Effective diffusion coefficient (Dm, filled circles) and average sliding velocity (open squares) versus the actin length in a Monte Carlo simulation. The Dm values in the figure are the mean±SD (for N=10 different simulation runs). The filled curve represents β/(actin length) fitted to the Dm data by non-linear regression, where β=0.0173 μm3/s. If the Dm data were plotted against 1/(actin length) rather than the actin length, the plot could be fitted to a linear line passing through the origin, indicating that Dm approaches zero with the infinite increase in the actin length. The sliding velocity is virtually independent of the actin length above a certain length (>3 μm). Inset, a model of actin (A) sliding over an ensemble of myosin (M) units; x: the distance between a myosin unit and the myosin-binding site on actin; f(x): attachment rate; g1(x) and g2: detachment rates; h = 10 nm. Under the standard conditions in the present simulation, f(h)=43.33 s−1, g1(h) = 10 s−1 and g2= 836 s−1; the separation between the nearby two sites on actin=5.5 nm and that between the nearby two myosin units=42.9 nm.

We performed Monte Carlo simulations of the model shown in the inset of Fig. 1 with the above assumptions (see the Supplementary Materials for details), and collected data on the sliding displacements of the actin filaments with various lengths for various time intervals. From the displacement data we evaluated the effective diffusion coefficient for each actin filament using Eq. 1. The effective diffusion coefficients (Dm) are plotted against the actin length in Fig. 1, which shows an inverse relationship between the effective diffusion coefficient of actin and the actin length. The inverse relationship under the random action assumption of myosin units was confirmed by simulations under various conditions including the heterogeneous distribution of myosin units as well as by simulations of two different models (see Supplementary Materials for details).

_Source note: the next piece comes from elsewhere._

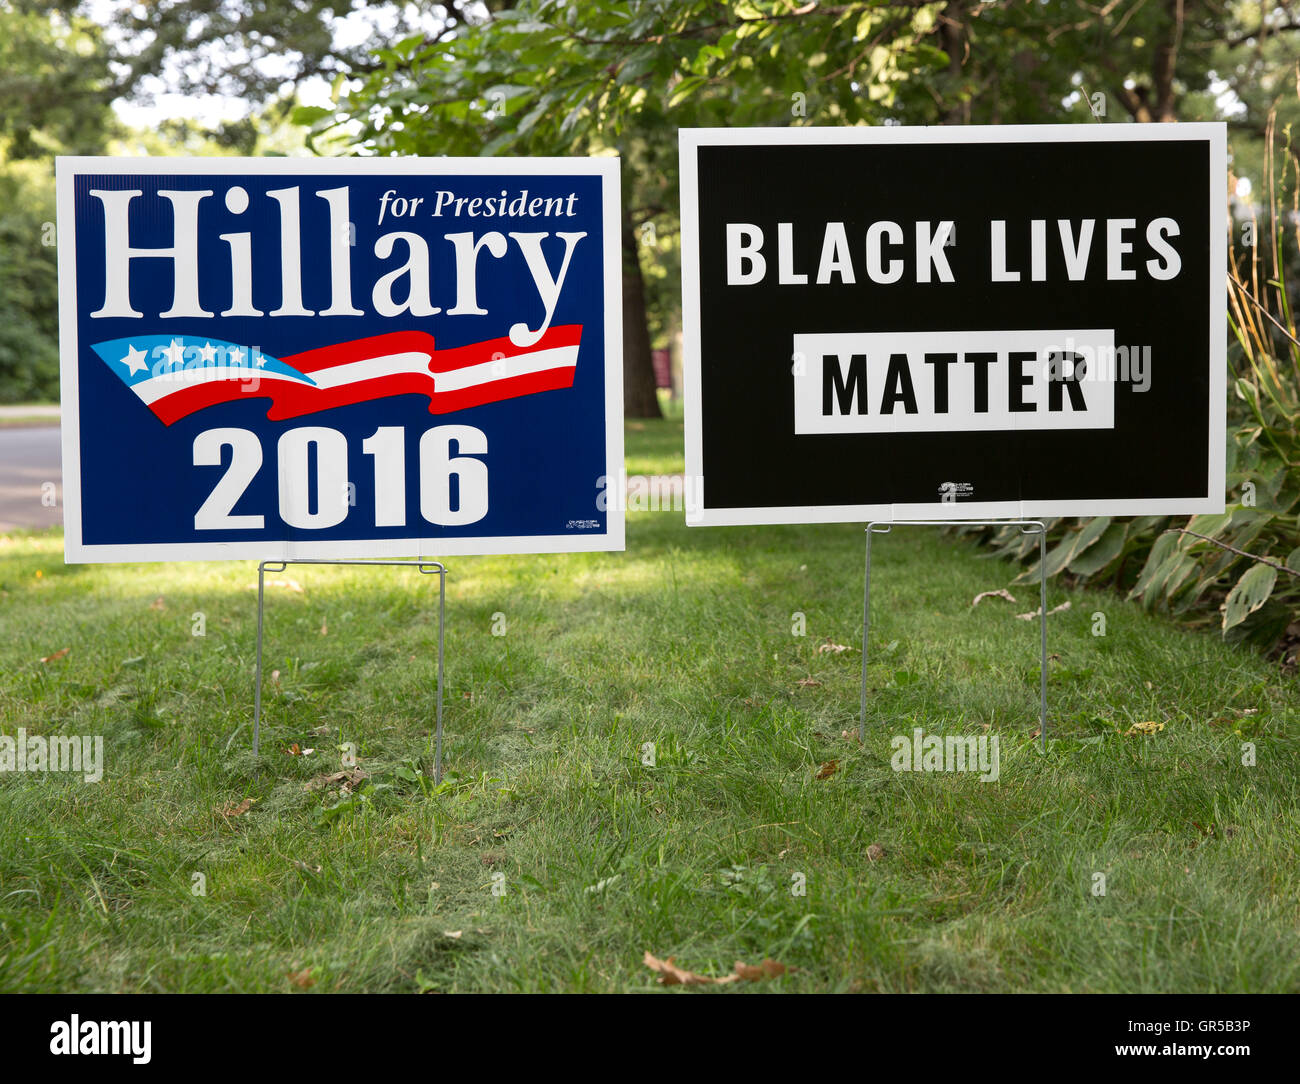 2016 Hillary Clinton per il presidente statunitense e nero vive questione cartelli da giardino Foto Stock

Fluctuation in the actin sliding movement in vitro

Fig. 2A shows an example of the original positional trajectory of an actin filament sliding over a native thick filament isolated from a single bivalve animal. To eliminate any minor lateral components of the actin displacements, the trajectory was fitted to a straight line (Fig. 2A), and each position was projected perpendicularly onto the fitted line. The scatter of the lateral components appears almost random (Fig. 2A), thus indicating a satisfactory fitting. The distribution of the lateral components fits a Gaussian distribution with a standard deviation (=σlc) of 71 nm and the mean=0 (see Supplementary Figure 1A). This indicates that 95% of the lateral components fall within ±2σlc (=142 nm, approximately equal to the pixel-pixel unit distances). Therefore, the lateral components represent mostly the uncertainties of the position measurements due to digitization. The lateral components did not depend on the actin length (see Supplementary Figure 1B). This result together with the fact that the actin trajectory was fitted to a straight line indicates that actin did not wobble during its sliding movement within the accuracy of positional measurements in the present experiments. Fig. 2B shows the longitudinal displacement after the adjustments as a function of time. The slope of the fitted regression line in Fig. 2B yields a value of 1.33 μm/s for the average sliding velocity.

Figure 2

An example of the movement of an actin filament over a native thick filament from the molluscan smooth muscle. The lengths of the actin filament and the myosin filament were 1.8 and 48.1 μm respectively. A, Trajectory (127 positional data points) of the front tip of the actin filament in the x–y plane. The filled circles show the tip position in each video frame. The center perpendicular line is a linear regression line applied to the original data points. B, Positions of the actin tip projected onto the linear regression line in A, the longitudinal components, as a function of time. The filled line is a linear regression line applied to the longitudinal components. The slope of the line yields a value of 1.33 μm/s for the average sliding velocity.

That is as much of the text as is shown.